「堀川沿い 旧料理店の解体申請 河村市長 所有者に“待った”」という記事が新聞のトップだった。
市長が古い建造物の保存に関心があることを、ちらほらと聞いていたところに、今回の件。「古き良き建築物を残したいけど、マンション建てた方が儲かる。残してって勝手に言うけど、保存費用は誰も負担してくれないじゃない!」のような事例。まちなみは誰のもの? それを守るのは誰?

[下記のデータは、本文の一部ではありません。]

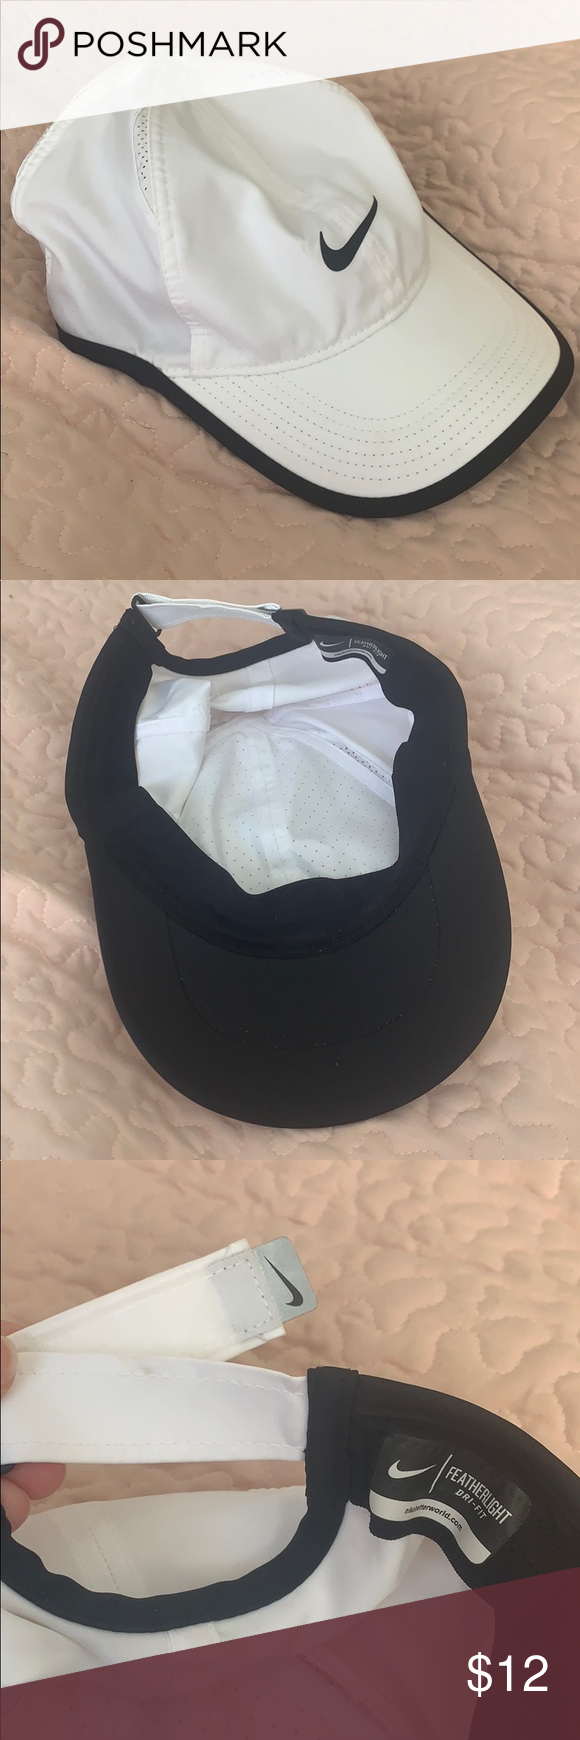 Nike Drifit Featherlight Hat In 2020 Nike Accessories Nike Women Accessories Hats
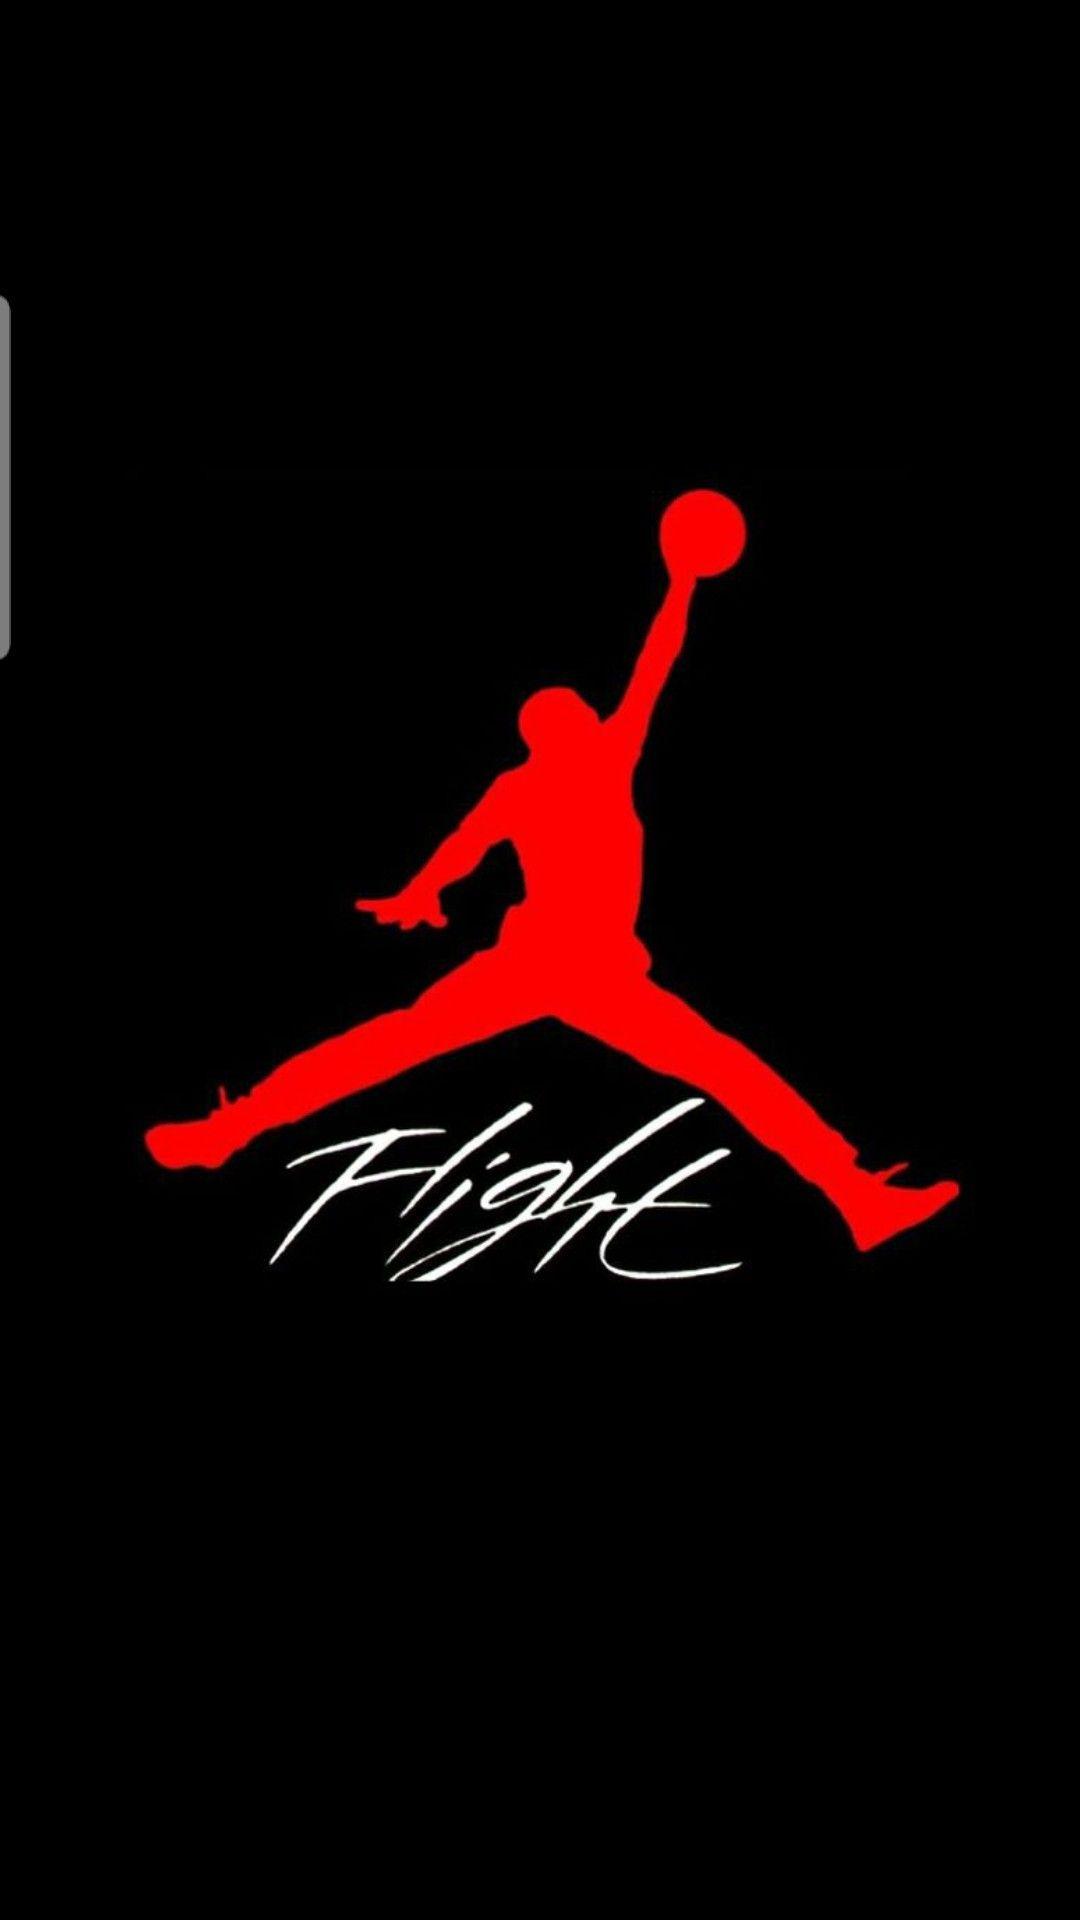 Pin By Archie Douglas On Sportz Wallpaperz Jordan Logo Wallpaper Michael Jordan Art Jordan Background

価値があり保存すべきなら、もっと多くの人の声、関心を集めては…と思う。難しいことだけど、専門家、地域住民、学生、市役所の人たち。新聞を読むと、市長の独断に見える。
かつて価値のある建物の所有者で、残したくても残せなかった人は大勢いて(市の指定文化財にしてほしかったけどならなかったなど)、この記事をどんな思いで見ているのか。必ずしもポジティブではないはず。市長は、一つ事例を作った時に、他のすべても引き受ける覚悟があるのだろうか? 子どもたちにまちなみ保存を伝える機会があるけれど、その課題解決力は大人だって乏しい。あぁ、難しい。古いもの、年を重ねているものに、近頃めっぽう弱いワタクシ。